Cooperative Fish and Wildlife Research Units Program: Arkansas
Education, Research and Technical Assistance for Managing Our Natural Resources

Weller, F.W., W.S. Beatty, E.B. Webb, D.C. Kesler, D.G. Krementz, K. Asante, L.W. Naylor. Environmental drivers of autumn migration departure decisions in midcontinental mallards. Movement Ecology


The timing of autumn migration in ducks is influenced by a range of environmental conditions that may elicit individual experiences and responses from individual birds, yet most studies have investigated relationships at the population level. We used data from individual satellite-tracked mallards (Anas platyrhynchos) to model the timing and environmental drivers of autumn migration movements at the landscape scale.

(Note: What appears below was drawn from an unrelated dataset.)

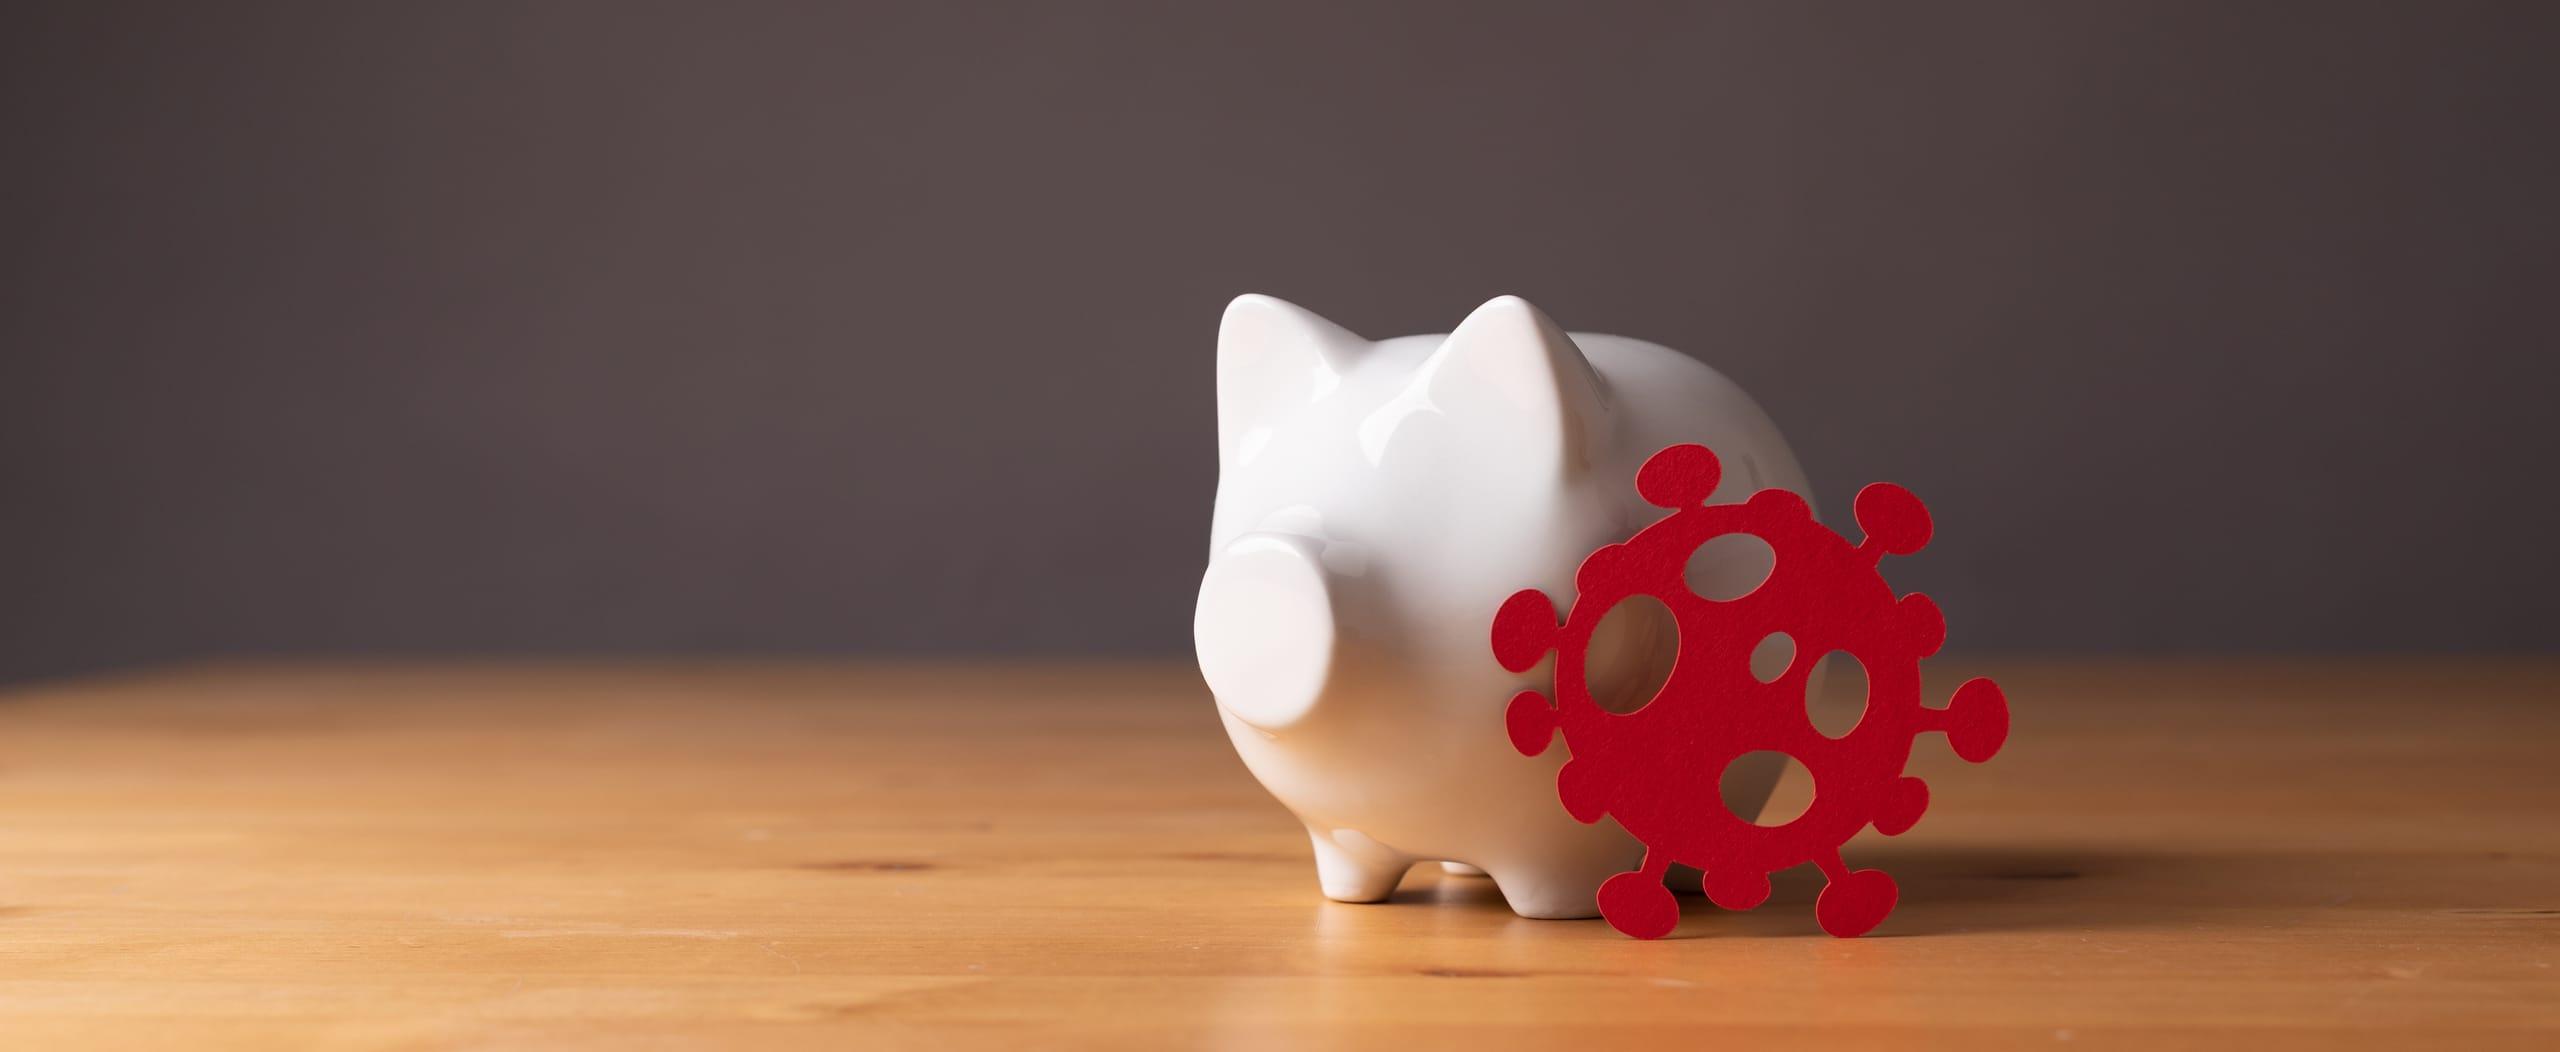 5 Steuererleichterungen wegen Corona: Update für Unternehmer

We combined two sets of location records (2004-2007, and 2010-2011) from satellite-tracked mallards migrating to winter in the Mississippi Alluvial Valley, and identified records that indicated the start of long-range (≥ 30 km) southward movements during the migration period. We developed candidate models to predict the departure date, conditional on daily mean environmental covariates (temperature, snow and ice cover, wind conditions, precipitation, cloud cover, and pressure), at a 32×32 km resolution. We modeled selection of departure date by individual mallards using a discrete choice model accounting for heterogeneity in individual preferences. We ranked model performance with the Bayesian Information Criterion (BIC).
Departure was best predicted (60% precision) by a “winter conditions” model containing temperature and snow cover depth and duration. Models conditional on wind speed, precipitation, pressure variation, and cloud cover received lower support. Number of days of snow cover, recently experienced (snow days), and current snow cover had the strongest positive effect on departure likelihood, followed by experienced days of freezing temperature (frost days) and current low temperature. Distributions of dominant drivers and of correct vs incorrect prediction along the movement tracks indicate that these responses applied throughout the latitudinal range of migration. Among recorded departures, most were driven by snow days (65%) followed by current temperature (30%).
Our results indicate that the dominant environmental driver of departure decision in autumn-migrating mallards was the onset of snow conditions, and secondarily the onset of temperatures close to, or below, the freezing point. Mallards are likely to relocate southwards quickly when faced with foraging that is impeded by snow, and could use declining temperatures as a more graduated early cue for departure. Our findings provide further insights into the functional response of mallards to weather and climate factors during the migration period that ultimately determine distribution.